This hand and its high-tech robophalanges come to you courtesy of the Institute of Robotics and Mechatronics at The German Aerospace Center (Deutsches Zentrum für Luft- und Raumfahrt e.V.). For those of you entertaining visions of robopocalypse, don’t get your hopes up — each of these puppies costs somewhere between €70,000-€10,000, so any would-be Terminators or Cylons would have to hold a lot of bake sales. The DLR hand is one of the most durable robotic hands ever built and was specifically built tough for jobs that might ding it up. As IEEE Spectrum describes:

The hand has the shape and size of a human hand, with five articulated fingers powered by a web of 38 tendons, each connected to an individual motor on the forearm.
The main capability that makes the DLR hand different from other robot hands is that it can control its stiffness. The motors can tension the tendons, allowing the hand to absorb violent shocks. In one test, the researchers hit the hand with a baseball bat-a 66 G impact. The hand survived […]
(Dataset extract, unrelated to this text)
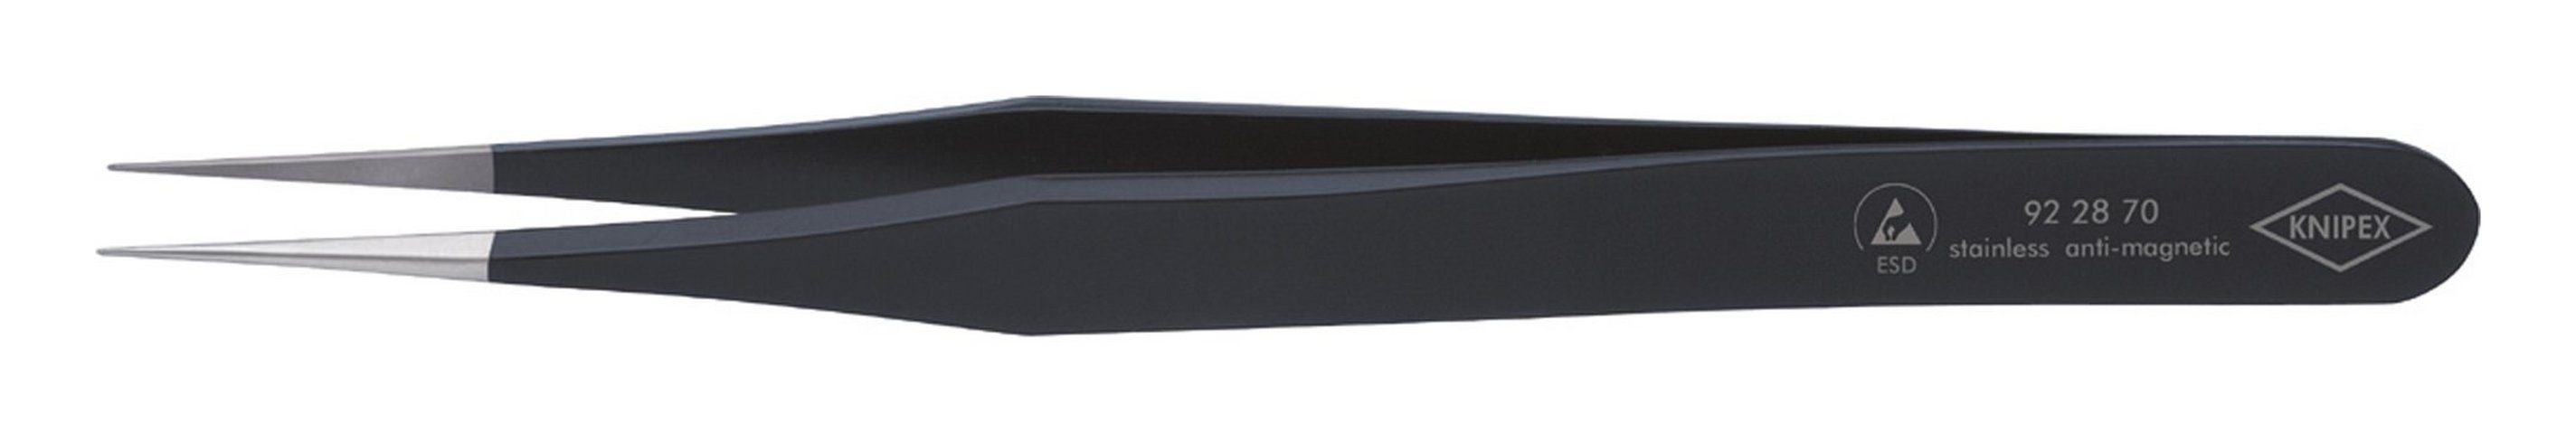 Knipex Pinzette, ESD 110 mm schwarz

The hand has a total of 19 degrees of freedom, or only one less than the real thing, and it can move the fingers independently to grasp varied objects. The fingers can exert a force of up to 30 newtons at the fingertips, which makes this hand also one of the strongest ever built.

Additionally, the hand can catch heavy balls, adjust its level of stiffness to accomplish tasks that require a daintier touch, and snap its fingers. That’s right, we’re looking at the next star of the future’s all-robot revue of West Side Story.